In a very unusual move by a school board the Princeton Regional School District – servicing one high school, one middle school and four elementary schools – has made it mandatory to wear head-gear in sports not known for head-gear.  In a proactive move the board has voted to make this a must in their school district;

The requirement, one that is not used teamwide for those sports anywhere else in New Jersey, will be mandatory initially for the sixth grade only, officials said.

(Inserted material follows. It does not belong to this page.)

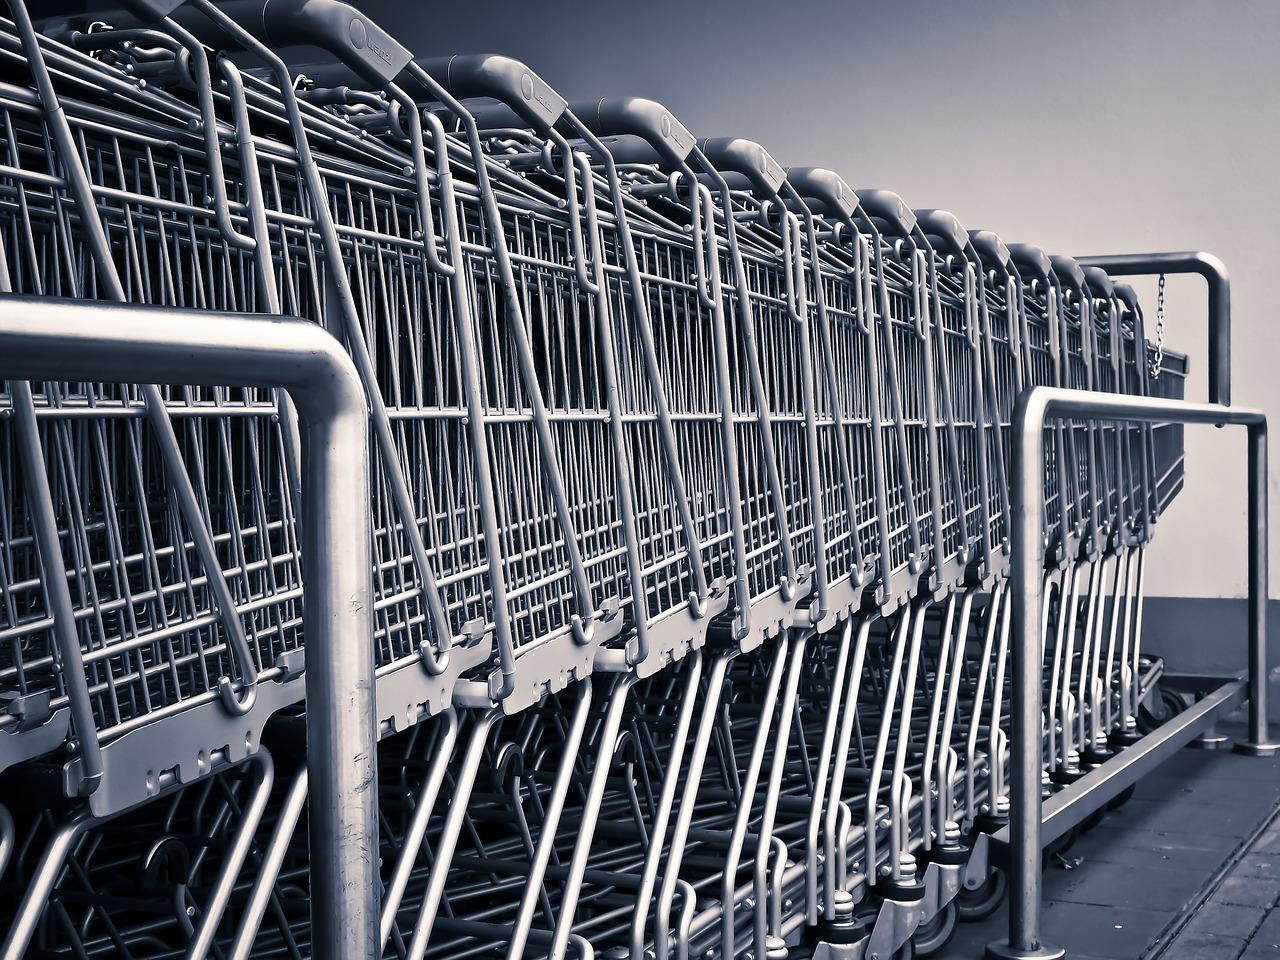 Le premier magasin Costco de France a ouvert

For children in grades seven to 12, the headgear is optional, although parents or guardians will have to sign a form saying they have declined to have their children wear it.

Still, officials were clear this week that with each year, the headgear would become mandatory one subsequent grade level at a time, so that all athletes in those sports eventually will have to wear it if they want to play.

This move strikes me as both good and forward thinking and as a waste of money as well.  Let us examine, first with the not-so-good ideas/thoughts.

First, the premise for this move was in part due to concussions (although they did also state it is for facial and oral injury protection as well) and the thinking on this is wrong in my humble opinion.  Many researchers, doctors, athletic trainers agree that helmets do not prevent concussions.  Sure there is disagreement on whether they protect – for focal-direct-linear forces they do have validity in this premise (as you will see below) – but the general consensus on concussion attenuation is exposure limitation.

Secondly, the addition of head-gear in soccer makes almost no sense to me.  Products like the Full-90 and other head band looking devices began their marketing by saying they can protect from concussion but that is extremely flawed, not only in my opinion but by pure Physic’s.  A soccer ball is designed to be headed by the athlete, and when anticipating the maneuver and doing it correctly there is no overt and sudden harm to the brain.  That is the only time one would be expecting to use their head, unlike football where your head is actually part of the game.  In soccer the vast majority of concussions reported are due to the head striking the ground, a pole, or an opponent.  Often these injuries are unanticipated and few incidents begin with strikes to the head, rather the body.  Head gear in soccer will not protect the brain from the angular, rotational and sudden deceleration of the head; which causes the injury of concussion in most soccer cases.  Add to the fact that players with the head-gear may play with a false sense of security and participate in much more risky behavior on the pitch.  For those reasons I am not in agreement with the soccer portion of this idea (cost is also a factor).

However, there has been some decent moves here and I think should be mimicked.

In field hockey, although body contact is not allowed, the sticks are hard and the ball is also very hard.  This combination leads to the possibility of a high-velocity, direct, linear and focal impact on the head.  Exactly what a helmet can protect against.  Granted I have never heard of a skull fracture or subdural hematoma in girls field hockey, this is a small addition that will protect the player in the rare chance this will happen.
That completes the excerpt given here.